Ardıç kuşu nesli tükenme tehlikesi altında olan kuş türü. Ekosistem zincirinin önemli halkasını oluşturan bunun gibi kuşların zarar görmesi halkanın kopması ve zincirin tehlikeye girmesi demektir. İnsanlar ne doğayı, ne canlıları katletmeye doymuyor, insanoğlunun hayvanların doğal yaşam alanlarına sürekli saldırıları sonucu yaşama şansları giderek azaltılmaktadır. Oysa ki ardıç kuşu öylesine muhteşem bir canlı ki; Tıpkı tekrar eden bir ritimle şarkı söyler gibi öter. Özellikle erkek ardıç kuşları 100’den fazla müzikal repertuvara sahip olduğu bilinmekte... Ötüşlerini dinlemek isterseniz onları ormanlarda, bahçelerde ya da parklarda, yani her türlü yeşil alanda görebilirsiniz. Ağaçlara duvarları çamurla kaplı kase şeklinde yuva yapan bu kuşlara ev sahipliği yapan en önemli ağaç türü ise adından da anlaşıldığı üzere ardıç ağacı.

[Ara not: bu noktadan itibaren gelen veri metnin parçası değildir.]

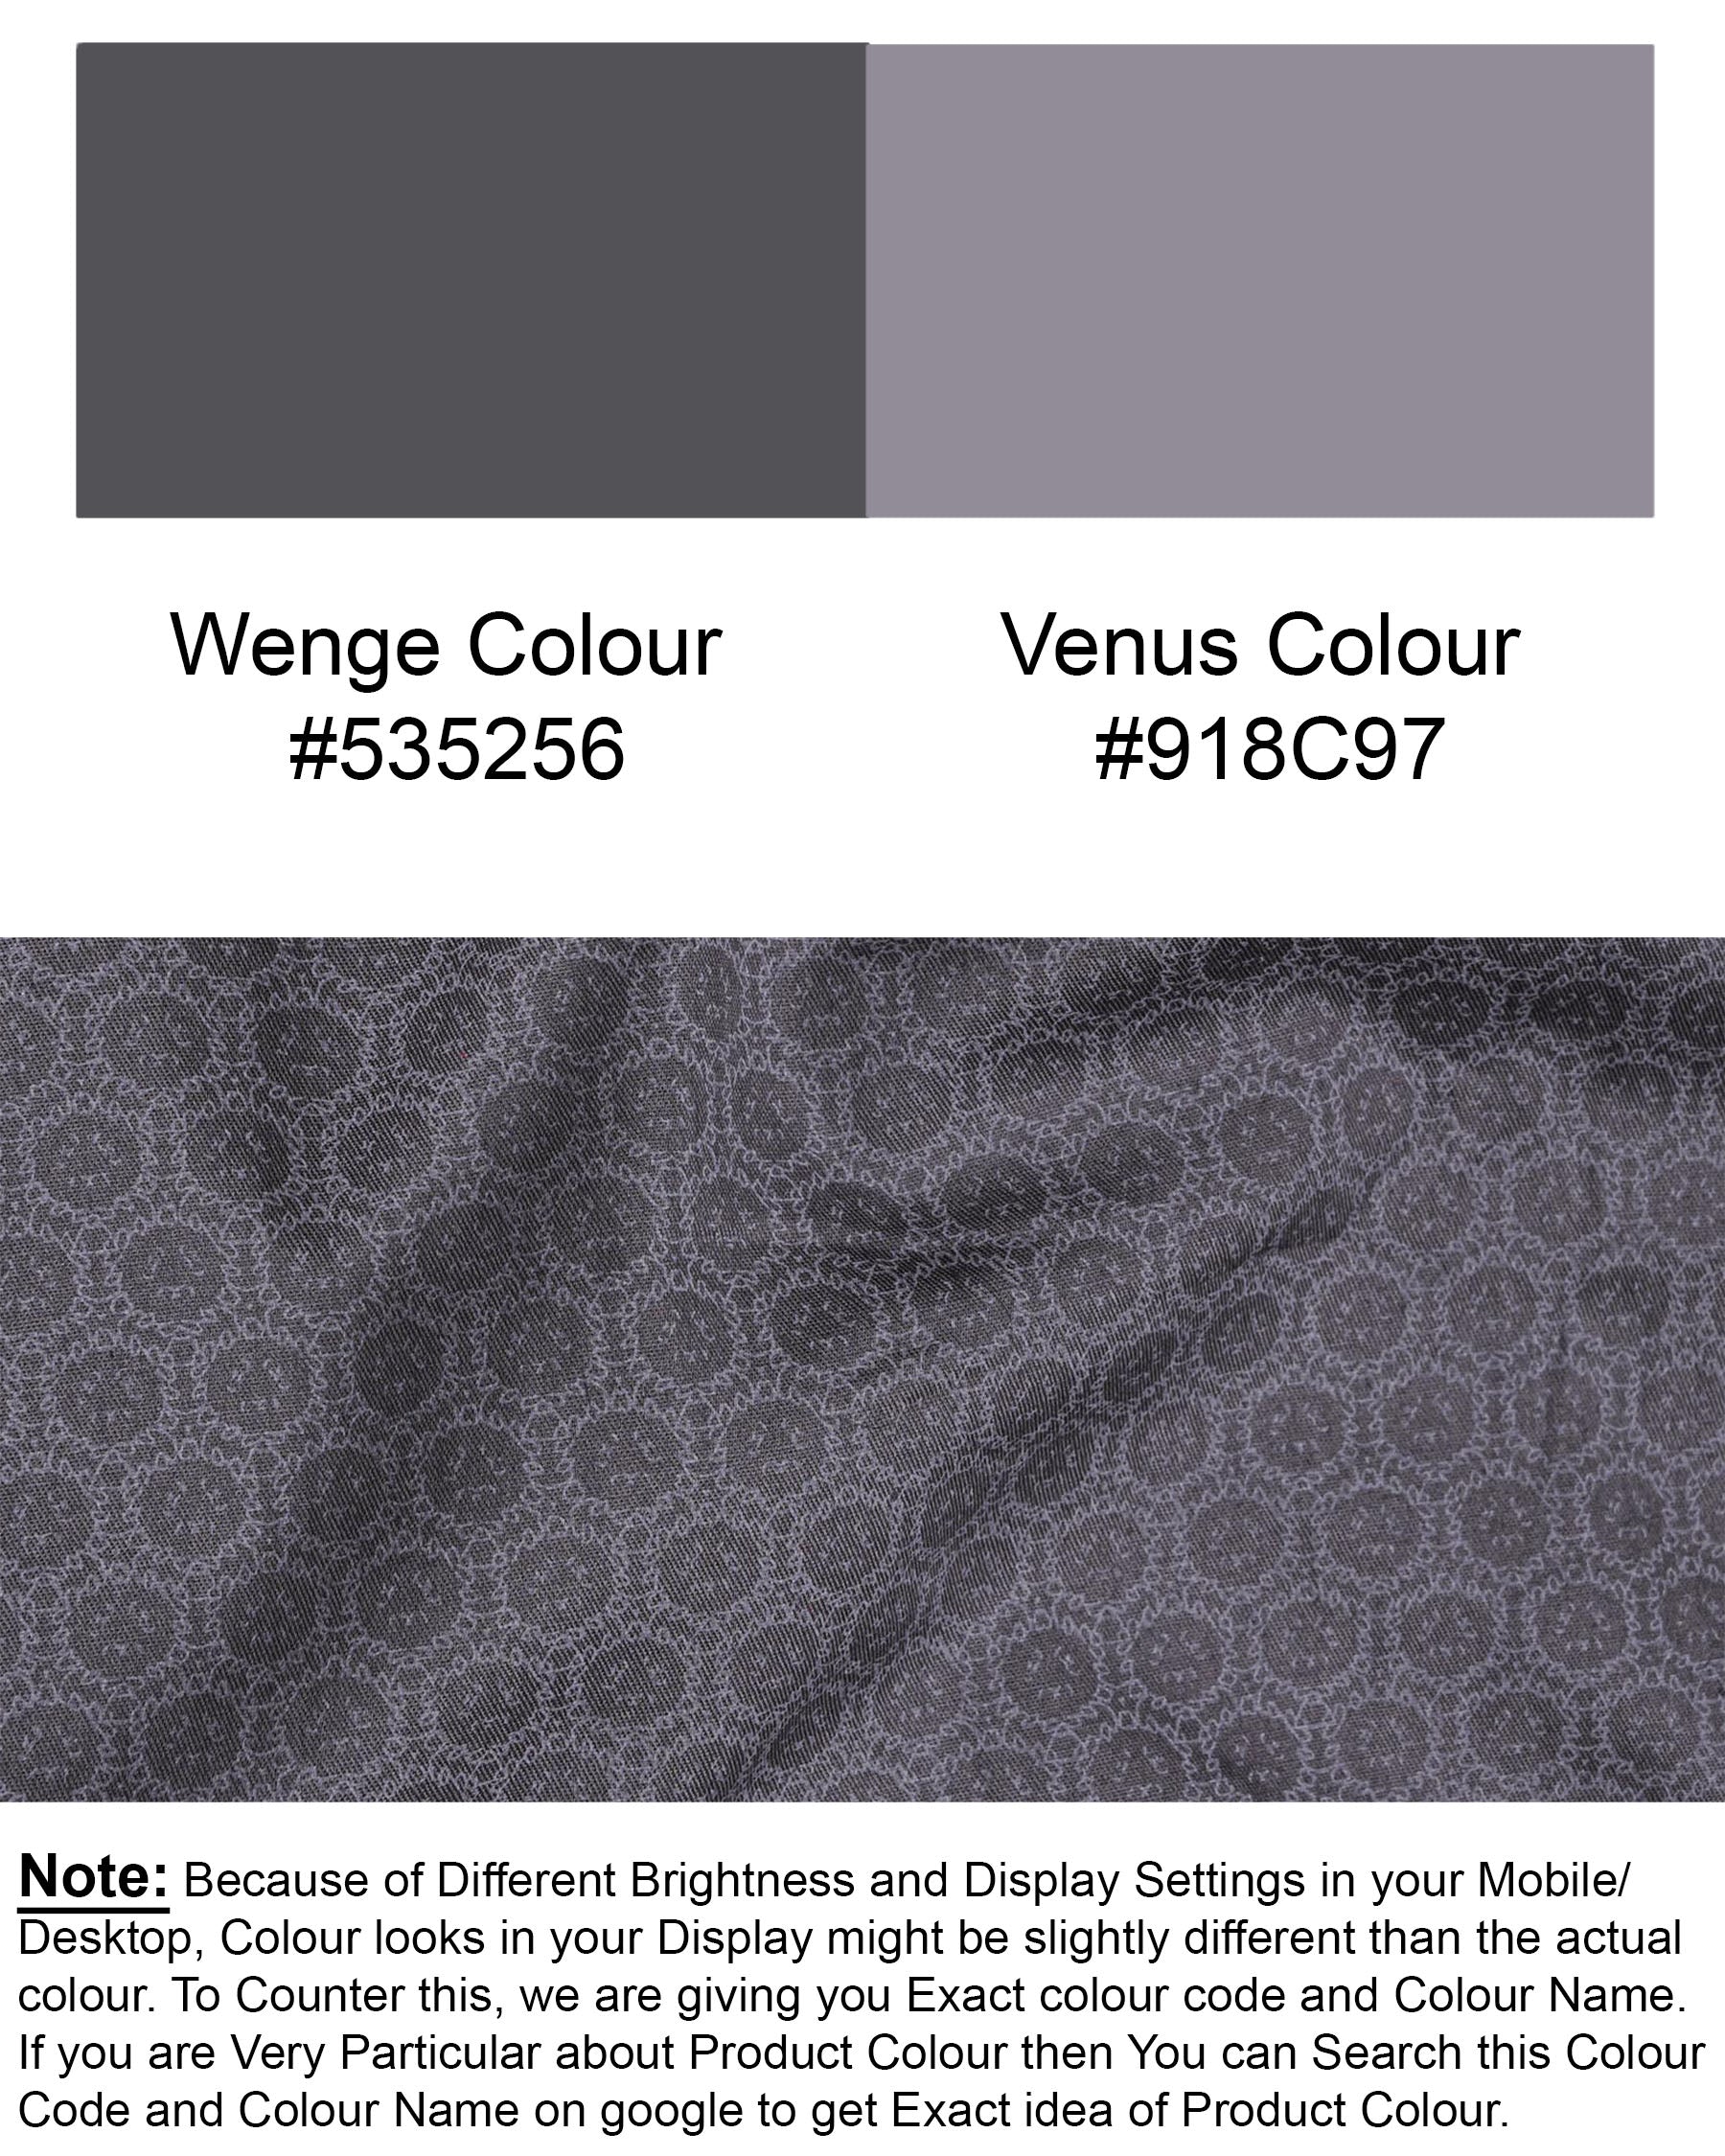 Wenge and Venus Grey Printed Super Soft Premium Cotton Shirt 7554-BD-BLK-38,7554-BD-BLK-38,7554-BD-BLK-39,7554-BD-BLK-39,7554-BD-BLK-40,7554-BD-BLK-40,7554-BD-BLK-42,7554-BD-BLK-42,7554-BD-BLK-44,7554-BD-BLK-44,7554-BD-BLK-46,7554-BD-BLK-46,7554-BD-BLK-48,7554-BD-BLK-48,7554-BD-BLK-50,7554-BD-BLK-50,7554-BD-BLK-52,7554-BD-BLK-52

Onları birbirine bağlayan hikaye ise buradan itibaren başlamaktadır. Her ağaç gibi ardıç ağacının da tohumları vardır, ancak bu tohumlar ancak ardıç kuşunun varlığında üremeyi sağlıyor. Ağaçtan dökülen tohumları önce kuşlar yiyor. Onların sindirim sisteminde kabukları açılan tohumlar bu sayede işlerlik kazanıyor. Kuşların dışkılarıyla yeniden toprağa karışan tohumlar kolayca çimlenebiliyor. Özellikle Şaman Türklerinde ve Alevi-Bektaşiler’de ardıç ağacına özel bir önem verilmektedir. Dallarına bez bağlanarak dilek tutulur ve ayrıca bu dalların yakılmasıyla elde edilen tütsüler tekkelerde kullanılır. Dallarını tütsü elde etmek için kullanan bir başka medeniyet ise Yunanlılar. Onlar da bu kokunun ruhsal hastalıklara iyi geldiğini düşünüyorlarmış. Şimdi sizi biraz hüzüne boğacak ardıç kuşu ve ardıç ağacının hikayesine geçelim ne dersiniz?

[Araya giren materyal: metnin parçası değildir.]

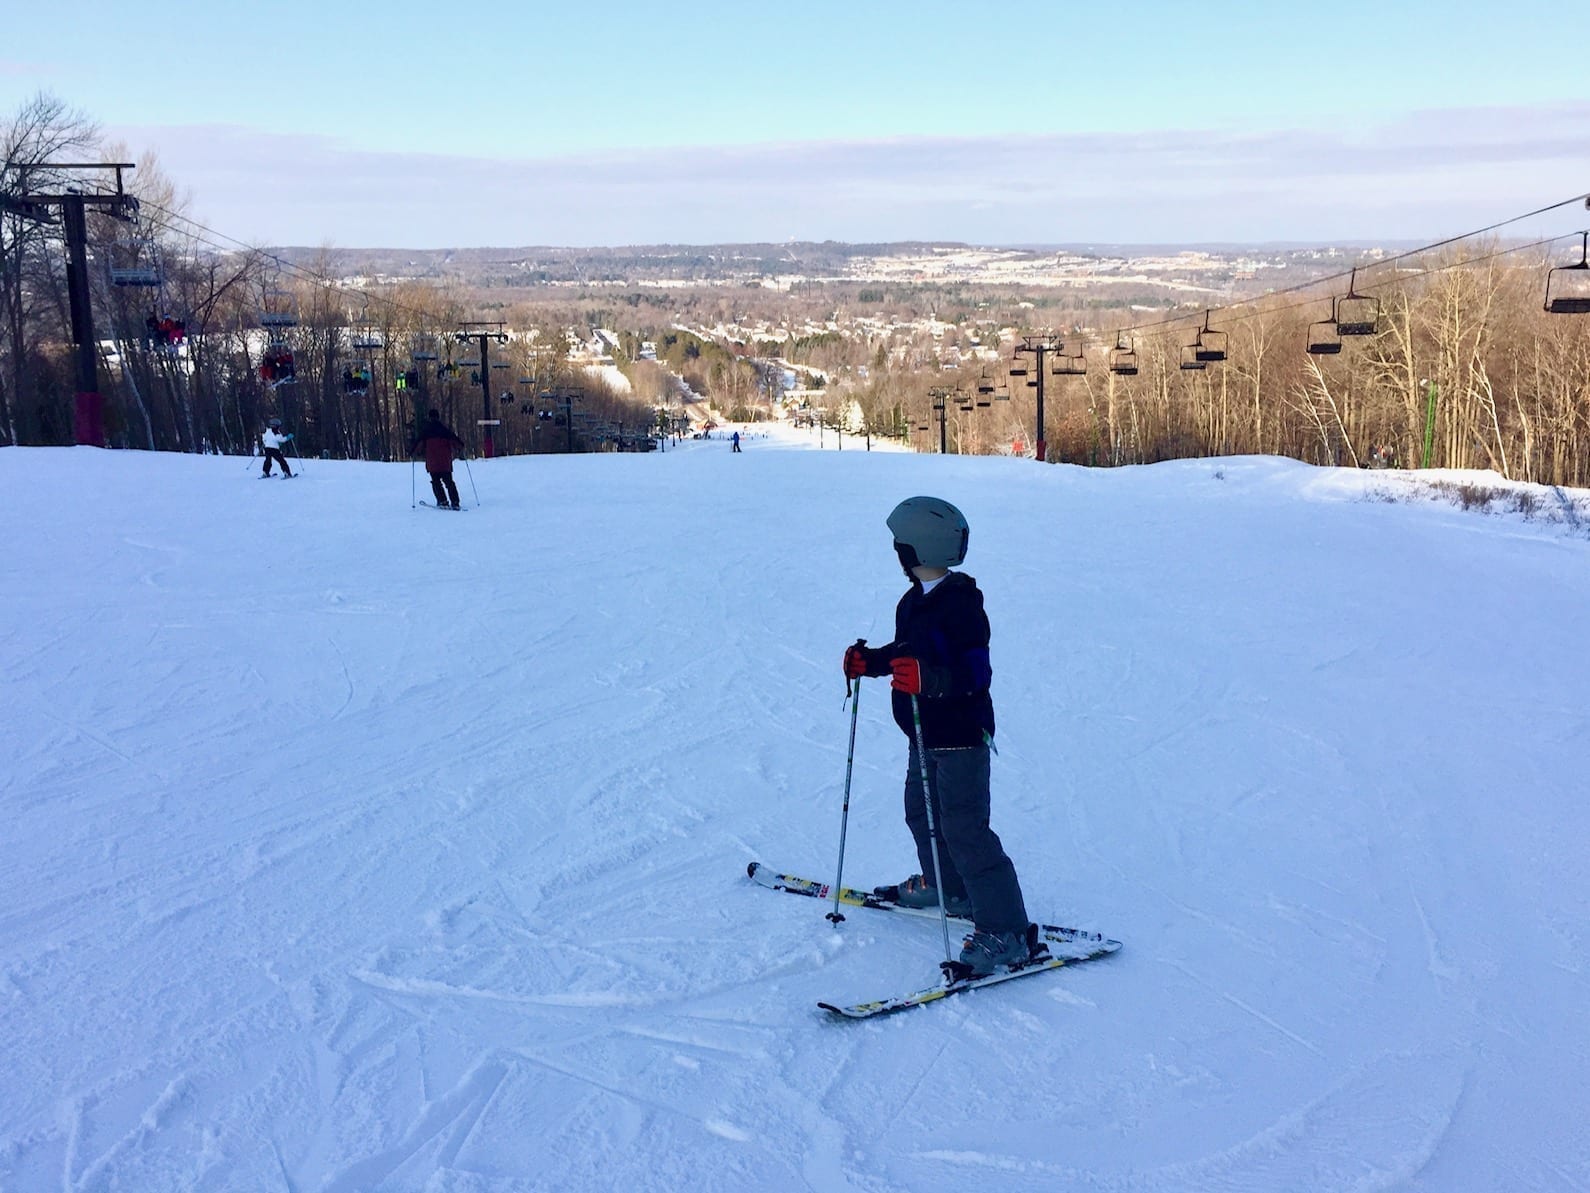 Plan a ski trip - ski lift ticket tips

Çok çok çok eskiden ülkelerden bir ülkede ormanlardan bir orman bu ormanda da bir ağaç varmış. Yaprakları ince iğnecikler şeklinde olan bu ağacın kahverengide kozalakları varmış. Şimdi hepiniz niye ağaçcık diyorsun iğne yaprakları kahverengi kozalakları olduğuna göre çam olmalı o ağaç diyeceksiniz. Biliyorum ama asıl sorun buradan çıkmış. Bu ağacın yaprakları iğne gibi olmasına iğne gibiymiş de kozalaklarıda varmış ama boyu çok kısaymış. Öteki kocaman kocaman çam ağaçlarının yanında minicik kalıyormuş. O yüzdende çok üzülüyormuş. Önceleri buna pek aldırdığı yokmuş da kendini beğenmiş kocaman ağaçlar bodur diye alay etmeye başlayınca hele şu ayak takımı çalıyı da kim soktu aramıza şu boya bakın, ağaçların yüz karası, deyince zavallının bütün günleri zehir olmaya başlamış. Onun bu halini gören ardıç kuşları ağaççığa çok acıyorlarmış çünkü iyi niyetli yardım sever bir ağaçcıkmış.

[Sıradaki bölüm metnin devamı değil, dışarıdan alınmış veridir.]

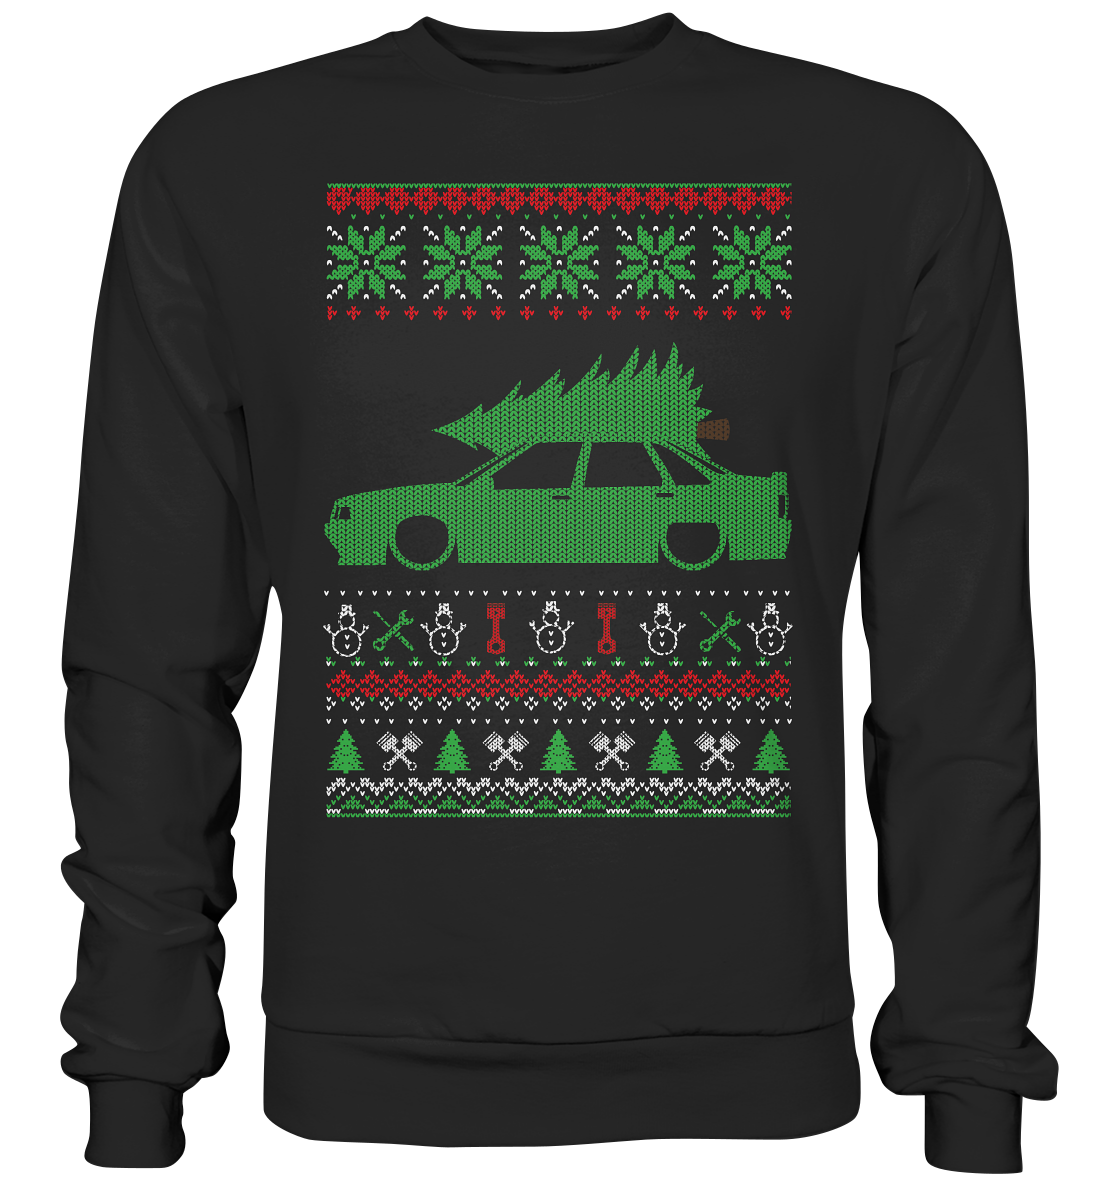 CODUGLY_RGK21TL - Premium Sweatshirt

O hele ardıç kuşlarına az yardımı dokunmamış.Öteki kendini beğenmiş çamların çoğu istemezmiş. Ardıç kuşlarını zaten o yüzden de ardıç ağacı diyorlar ya o ağaçcığa ardıç kuşları her gün onun dallarına konar ona gezdikleri gördükleri yerleri anlatırmış . Ardıç ağacıda hiç bir ağaç boyu kısa olduğu için konuşmadığından dört gözle kuş dostlarını beklermiş ama kış gelince bütün arıç kuşları güneye göç edermiş. İşte o zaman yapa yalnız kalırmış ardıç ağacı koca bir kışı bütün çam ağaçlarının iğneli sözlerini dinlemekle geçirirmiş. Ardıç kuşları sevgili ardıç ağaçlarının bu durumuna bir çare bulmak için çok düşünmüşler ama hiç bir şey bulamamışlar.
Hatta bir kış güneye gitmeyip orada kalmayı bile denemişler de başaramamışlar. Çünkü doğa ana onları soğuğa dayanıklı yaratmamış o yüzdende o kış az kalsın donacaklarmış. Sonunda dayanamayıp güneye göç etmek zorunda kalmışlar ilk baharda geri geldiğinde doğruca doğa ananın yanına gitmişler. Doğa ana binlerce ardıç kuşunu karşısında görünce şaşırmış ne oldu niye hepiniz birden buradasınız diye sormuş. O zaman ardıç kuşlarının başı sizden bir dileğimiz var diye başlamış.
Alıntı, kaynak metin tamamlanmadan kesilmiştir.